Data shown:
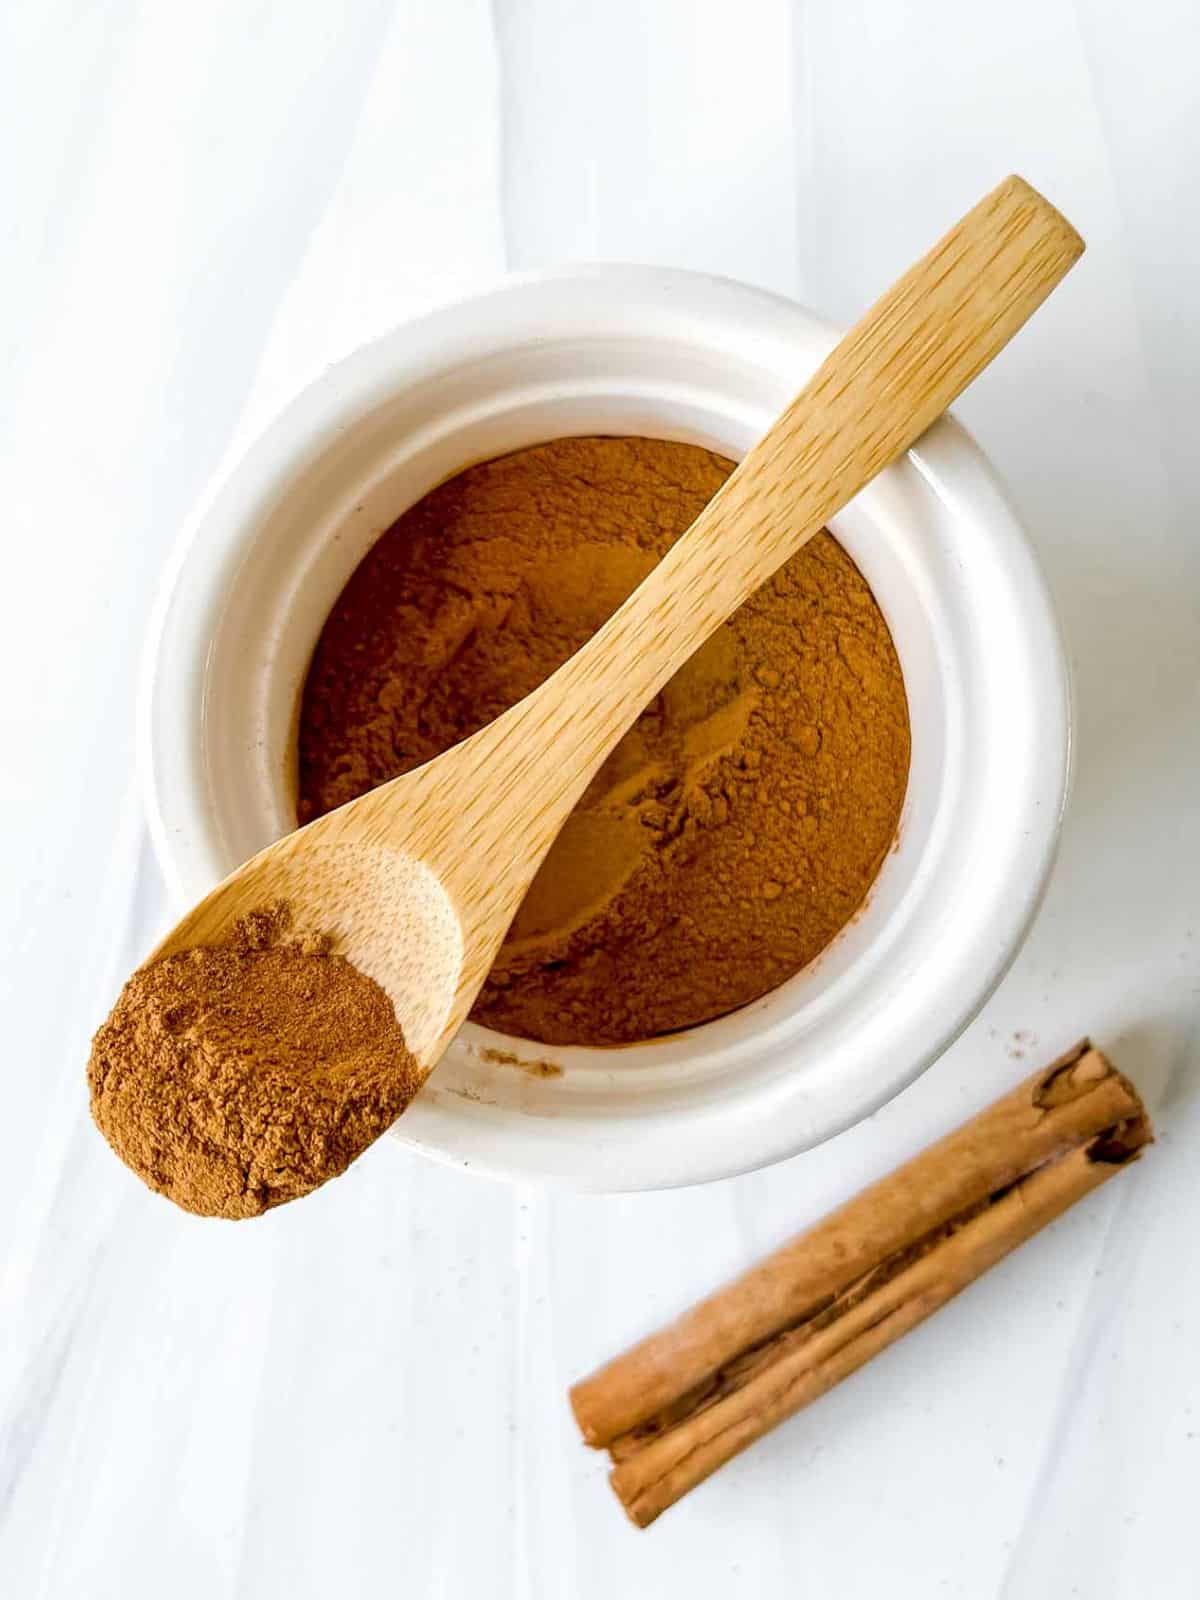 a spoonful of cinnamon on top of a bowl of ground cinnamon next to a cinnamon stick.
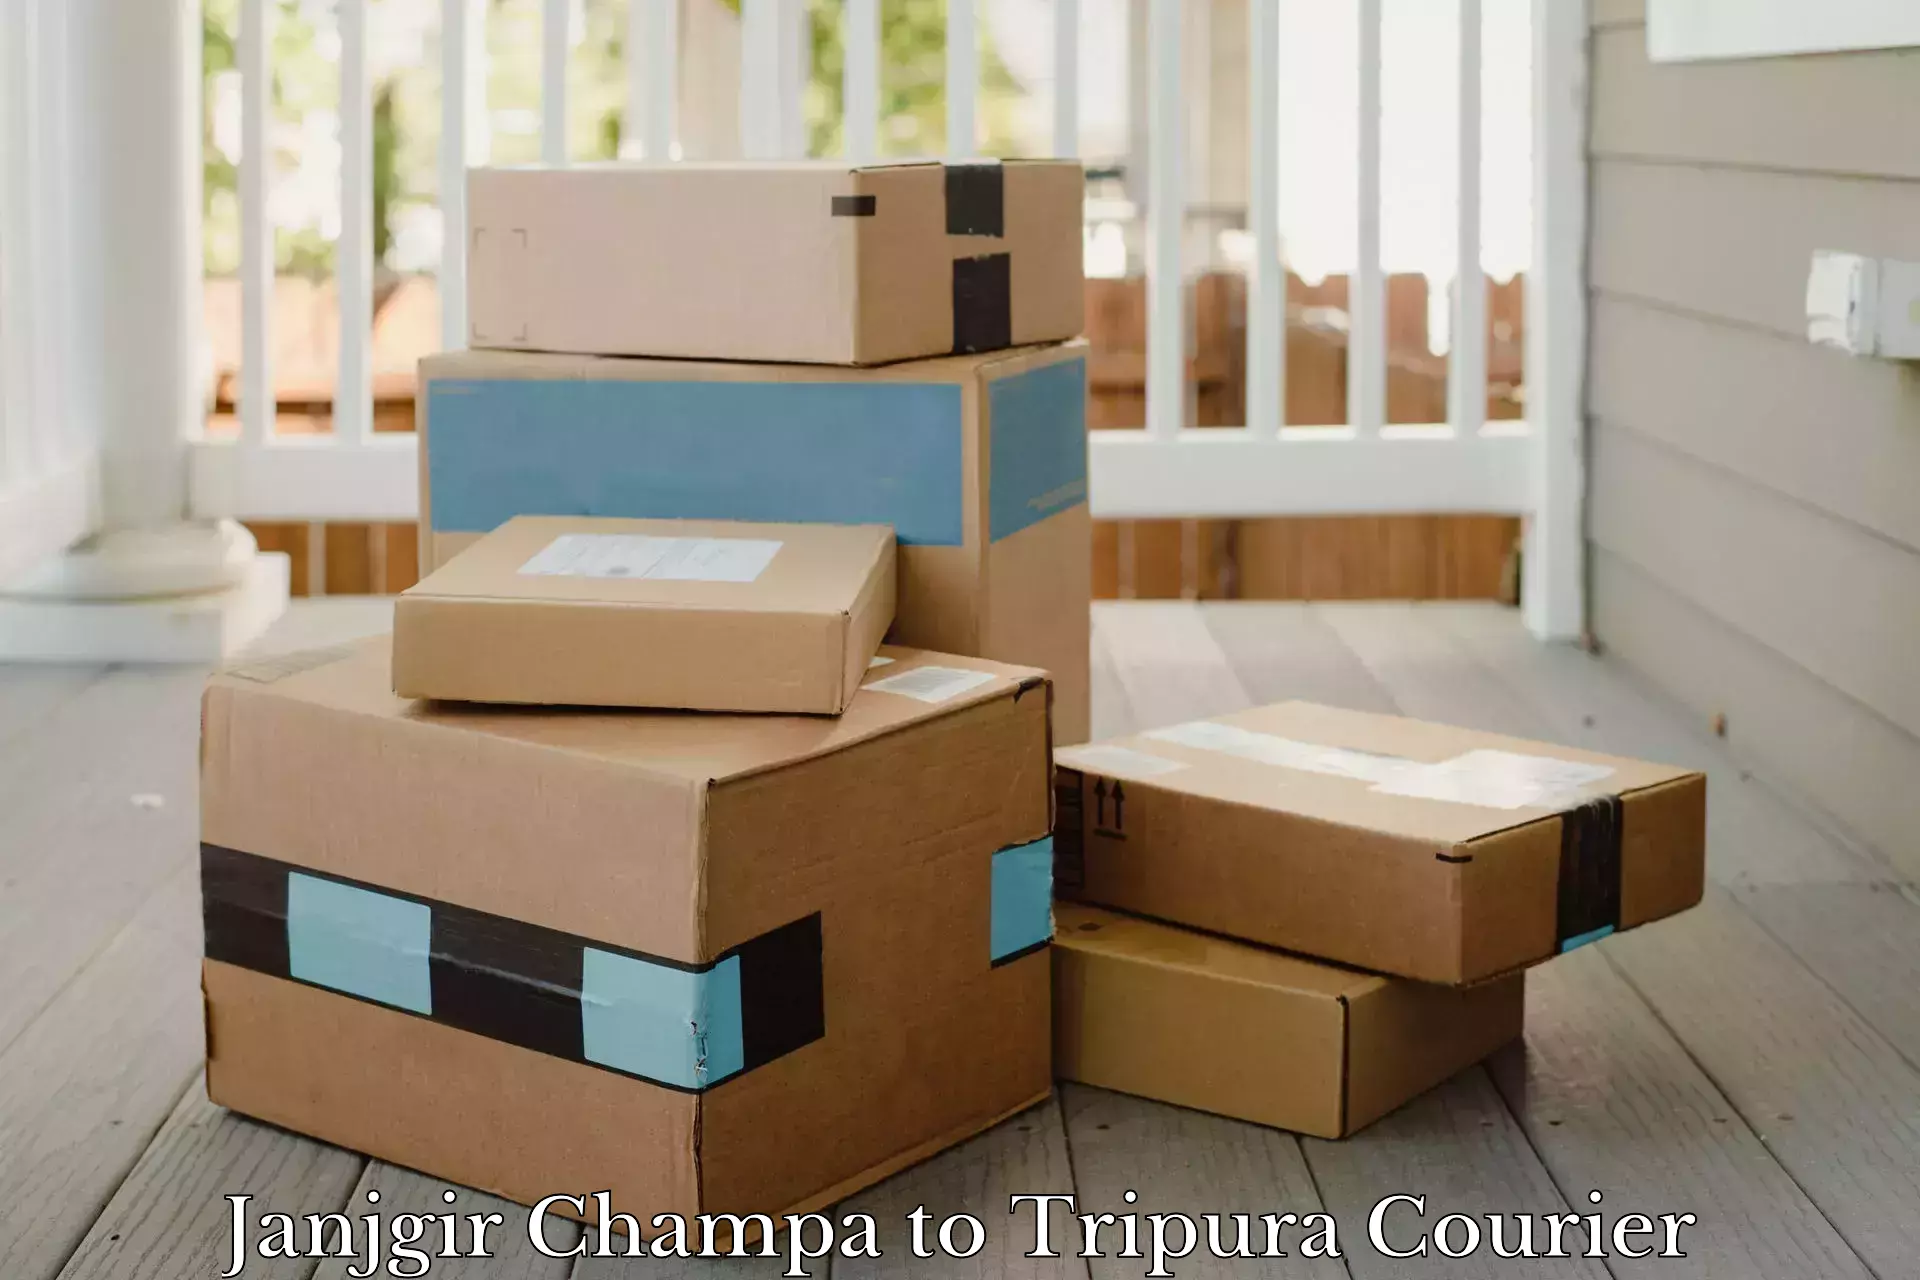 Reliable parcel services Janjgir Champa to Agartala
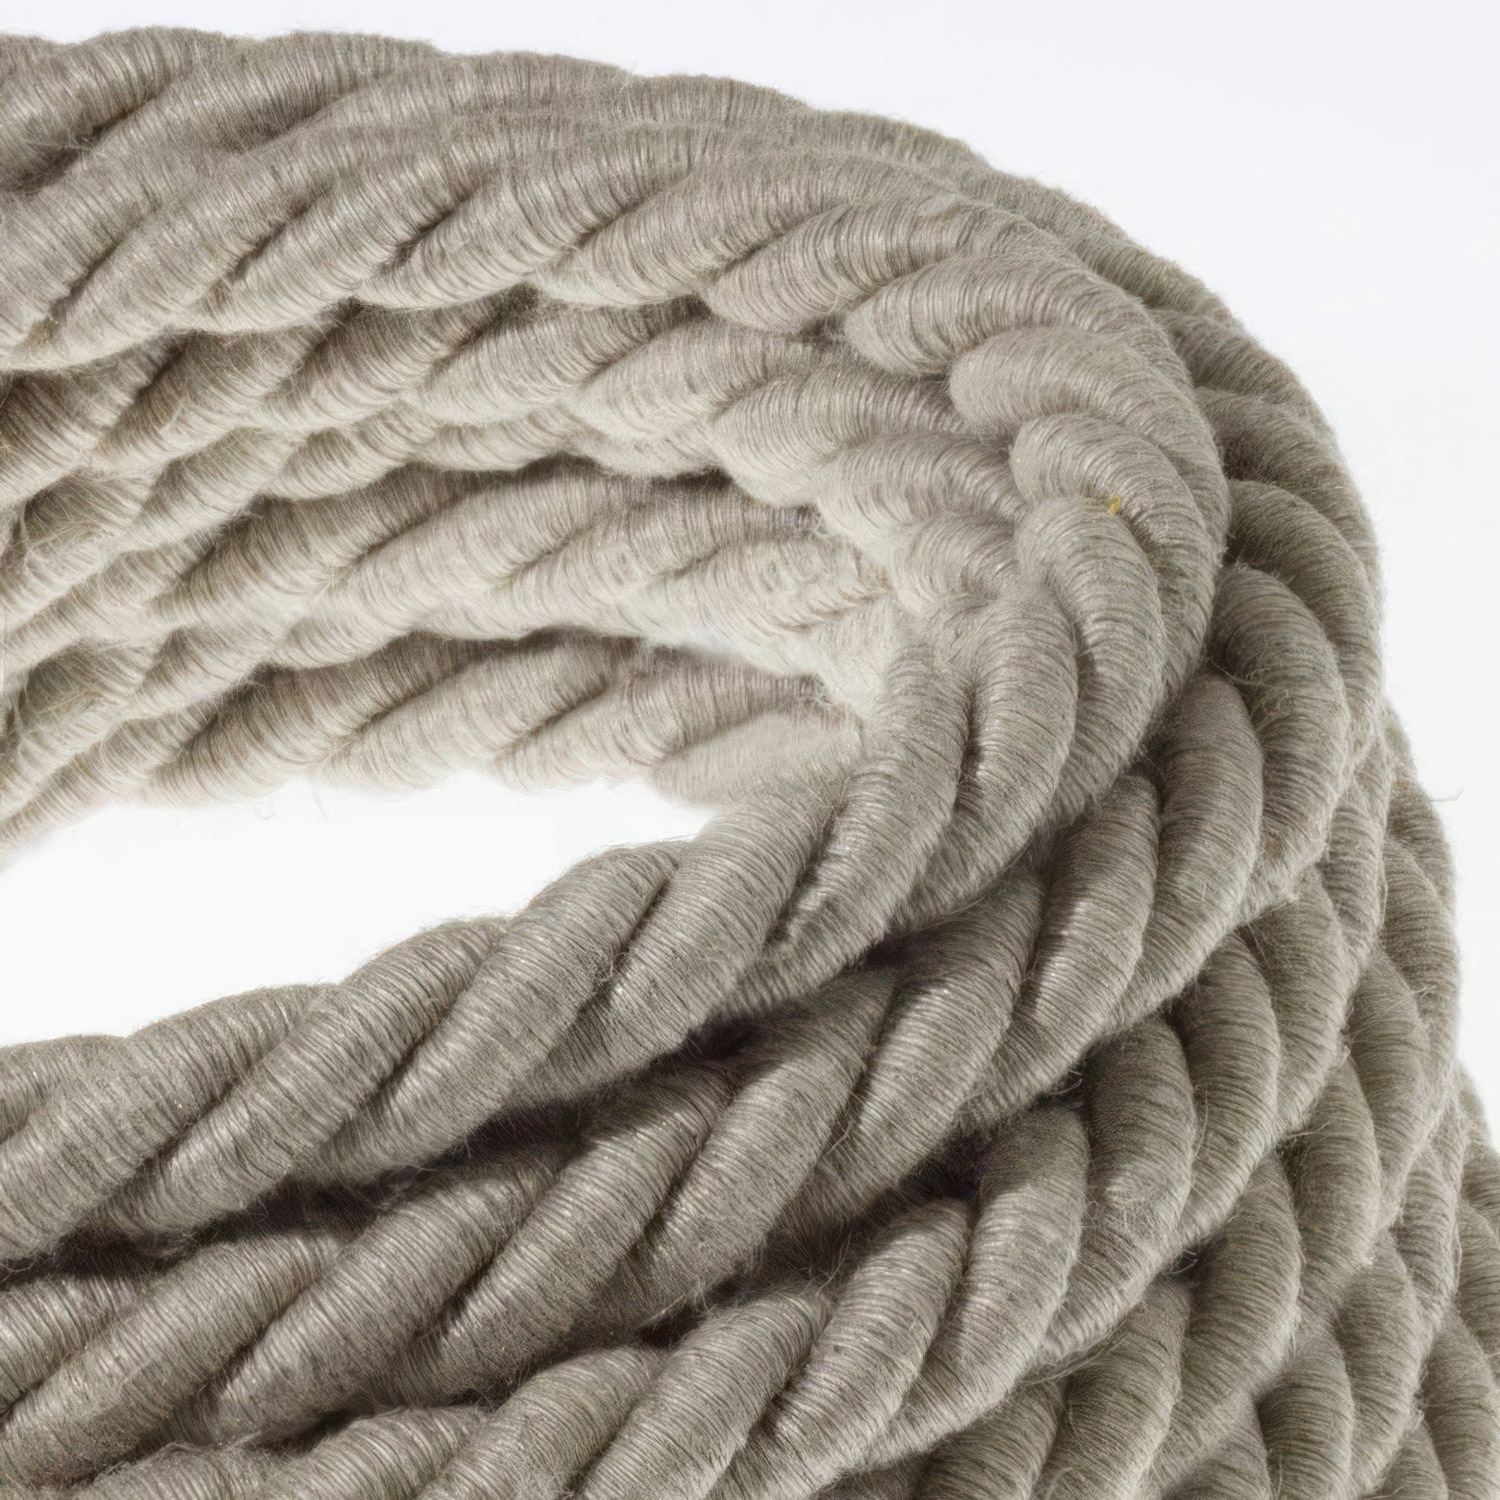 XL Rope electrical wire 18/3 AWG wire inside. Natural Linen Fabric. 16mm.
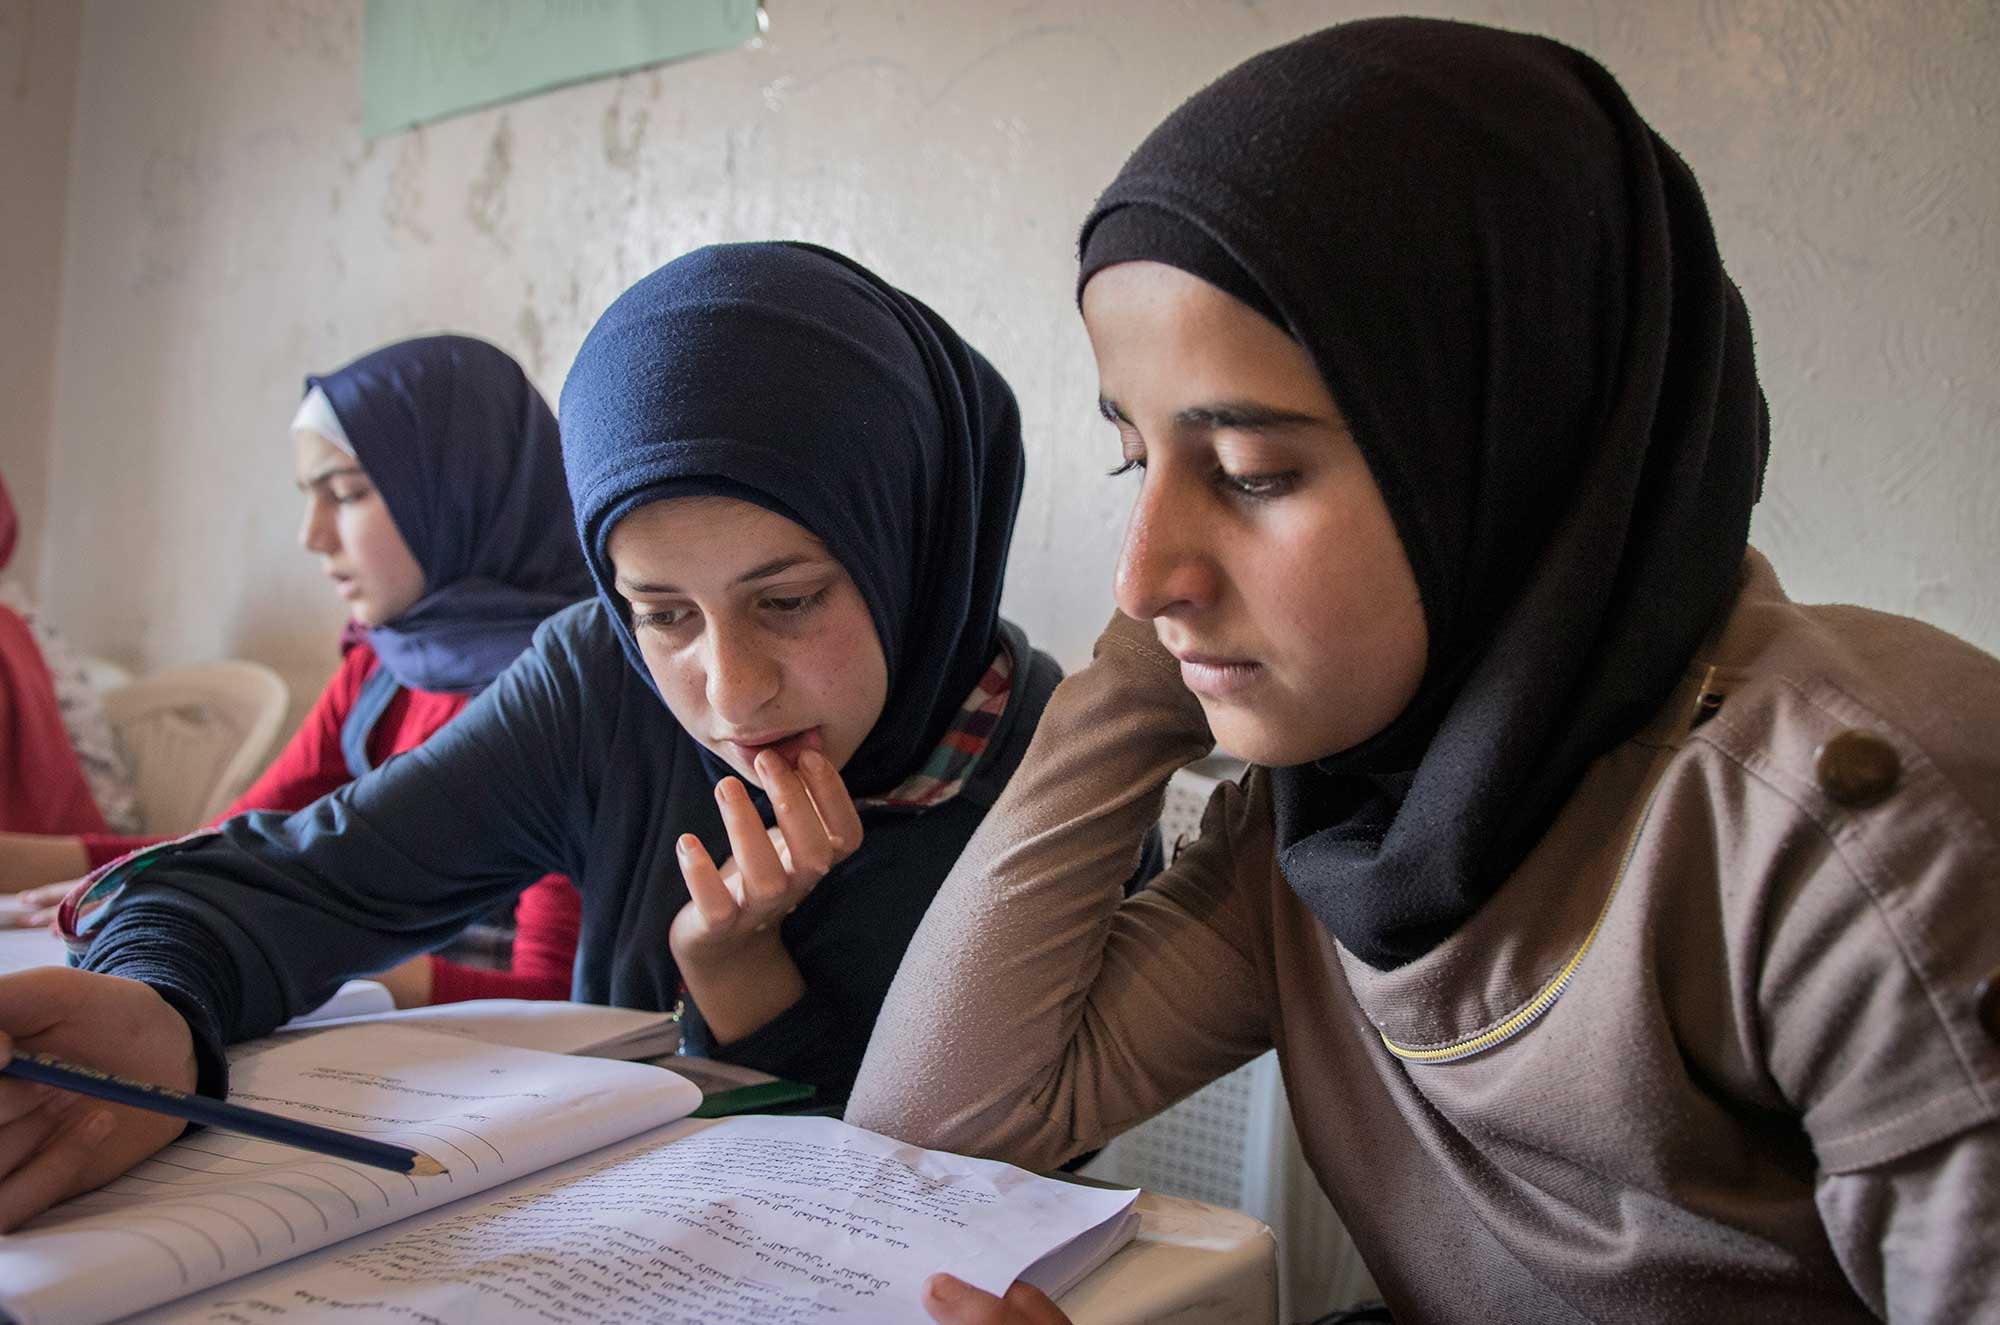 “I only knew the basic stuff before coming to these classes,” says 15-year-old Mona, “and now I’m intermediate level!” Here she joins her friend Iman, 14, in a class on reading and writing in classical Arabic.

Task prompt: Set down all of the material above exactly as written, leaving the pictures out.

Written response:
 a spoonful of cinnamon on top of a bowl of ground cinnamon next to a cinnamon stick.
 Reliable parcel services Janjgir Champa to Agartala
 XL Rope electrical wire 18/3 AWG wire inside. Natural Linen Fabric. 16mm.
 “I only knew the basic stuff before coming to these classes,” says 15-year-old Mona, “and now I’m intermediate level!” Here she joins her friend Iman, 14, in a class on reading and writing in classical Arabic.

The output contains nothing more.